No entanto, sob um determinado prisma, as coisas inverteram-se: a produção é feita em, larga escala para as massas e não para uma élite ou um grupo mais ou menos restrito de consumidores. Por isso, O senhor mata a cabeça para me fazer a mim, proletário, consumir. (Lajos)


As últimas cenas são protagonizadas por Péter e Lajos, os dois homens mais importantes na vida de Judit: um que lhe proporcionou a mudança de estilo de vida, o portal de acesso a um mundo diferente, que antes apenas entrevia; e o outro, aquele que lhe proporcionou o prazer no sentido mais absoluto do termo.

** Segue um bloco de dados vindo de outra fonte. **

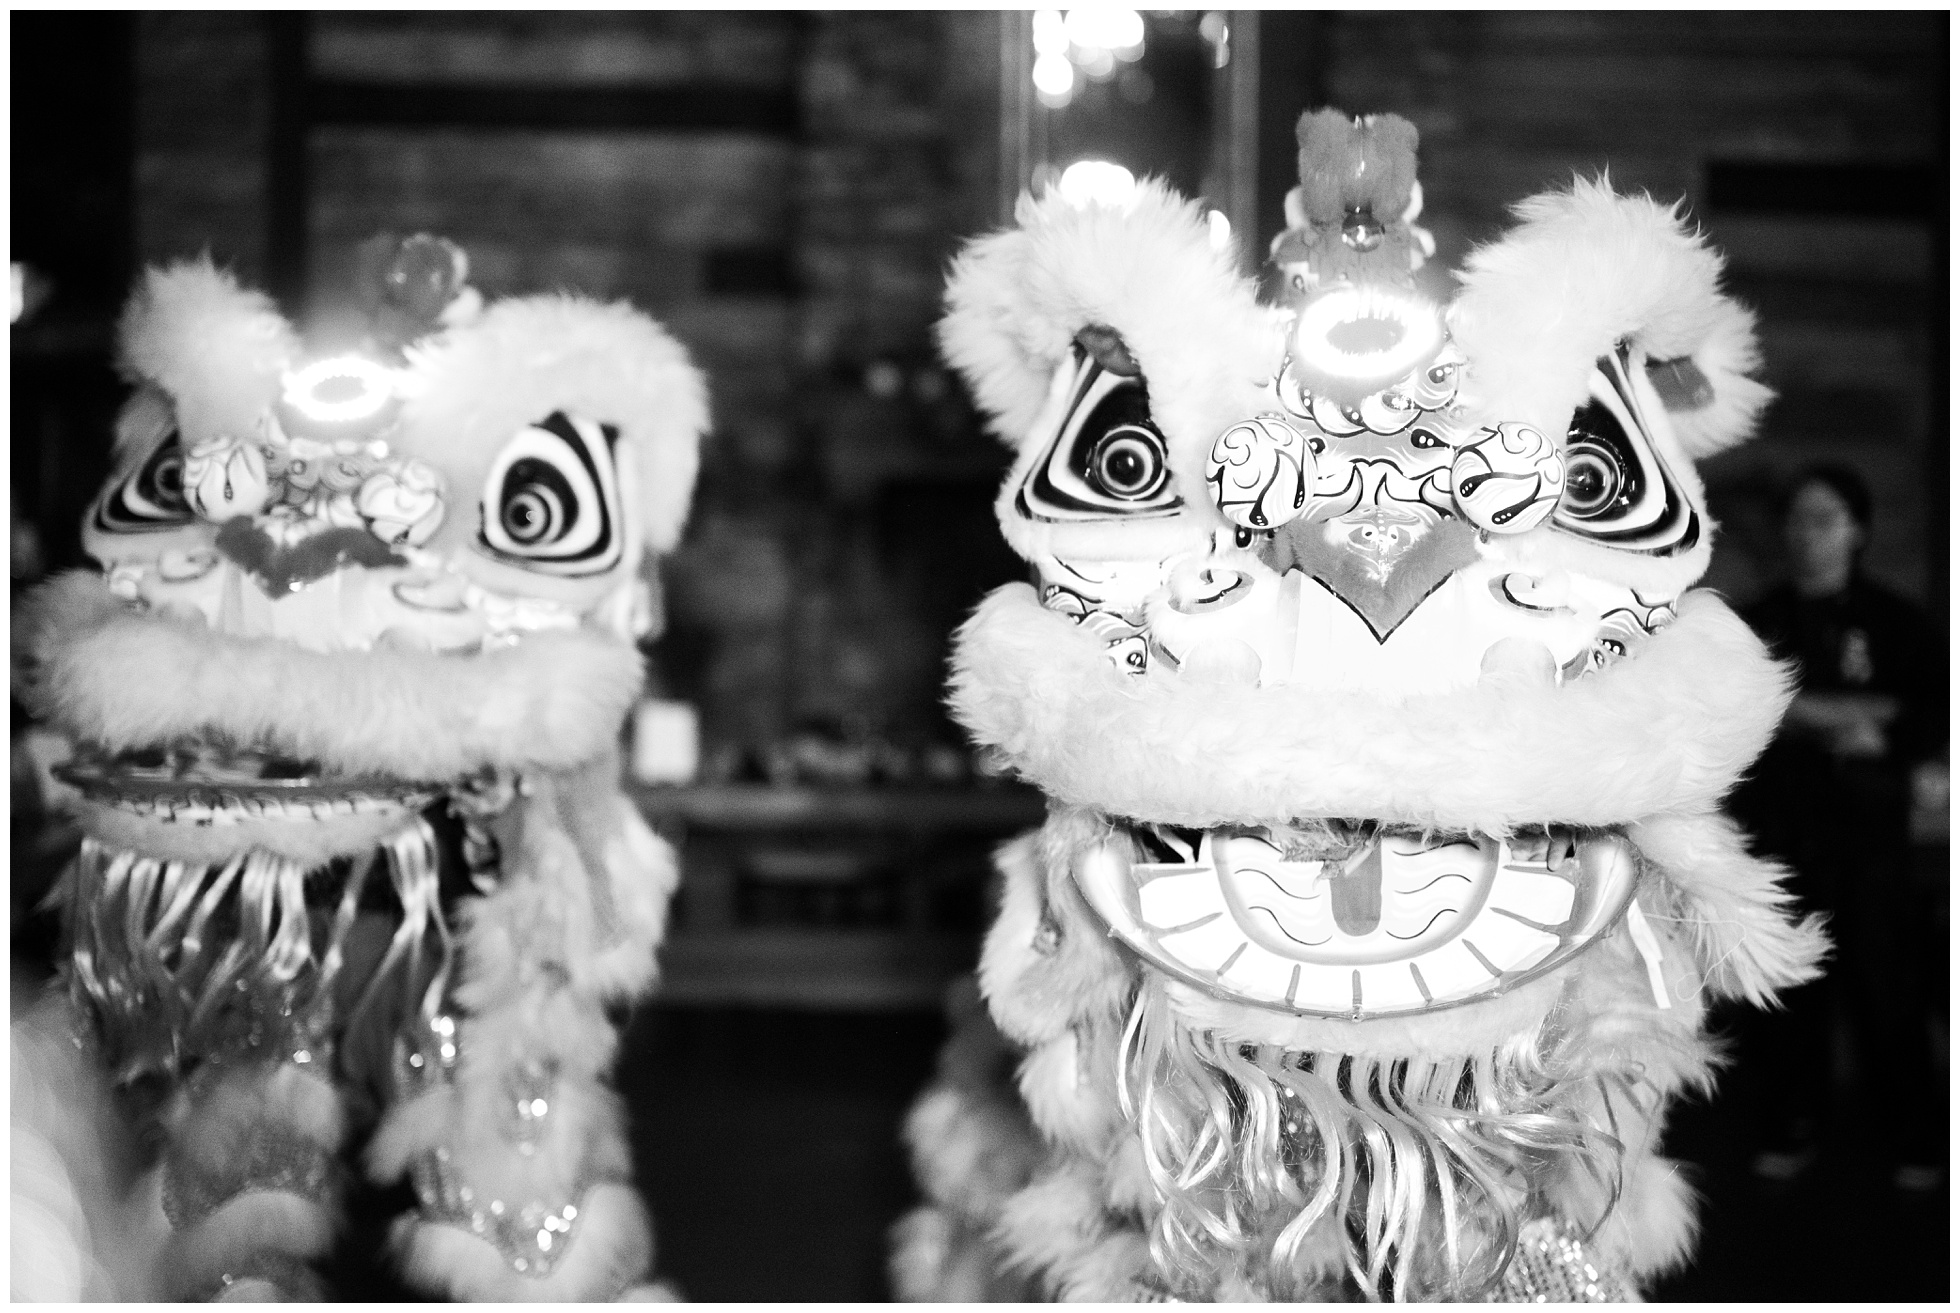 Chinese Lion Dance costumes.

Ambos partilham a memória da mulher a cuja intimidade acederam, um dia. A conclusão a que chegam é a de que o amor é a única força motriz susceptível de colocar homens e mulheres em pé de igualdade e cuja lembrança é capaz de unir os seres mais improváveis. Uma força absolutamente revolucionária na sua essênncia. E, por isso mesmo, temida.


Caminhávamos como dois velhos amigos numa intimidade profunda que só pode existir entre dois homens que estiveram na cama com a mesma mulher (...). E esta é, na verdade a verdadeira democracia.




Claudia de Sousa Dias

2 Comments:

Blogger Ricardo Antonio Lucas Camargo said...

O que me chama a atenção é que, a partir do clássico tema do "triângulo amoroso", o autor veio a fazer uma reflexão sobre o sectarismo e a instrumentalização do ser humano pelas facções e, curiosamente, como o Proust de "À sombra das raparigas em flor", traz-nos a temática das frustrações diante das grandes expectativas. O texto que escreveu, Cláudia, revela-me uma espécie de "femme fatale" que, entretanto, coloca em questão o próprio conceito de "respeitabilidade" e a emergência das paranóias a partir dos sectarismos. Euclides da Cunha ofertou-nos um dos mais pungentes retratos do fanatismo no seu documento "Os sertões", bem como da truculência empregada pelo exército republicano, educado nos princípios filosóficos do positivismo comteano, na repressão dos seguidores do místico Antonio Conselheiro. Na literatura brasileira, é o mais forte retrato do sectarismo.

1:52 AM  
Blogger Claudia Sousa Dias said...

Segundo me disseram, a tradução literal do título do livro é: "A Verdadeira". Em vários momentos da narrativa, Péter refere-se a Marika como "a verdadeira", querendo dizer a legítima. Mas tarde, esse conceito é relativizado chegando depois à conclusão que que não existe "a verdadeira" ou "o verdadeiro" - Judith também se refere da mesma forma a Péter - assim como não existem relações perfeitas. Nem sistemas económicos ideais ou perfeitos.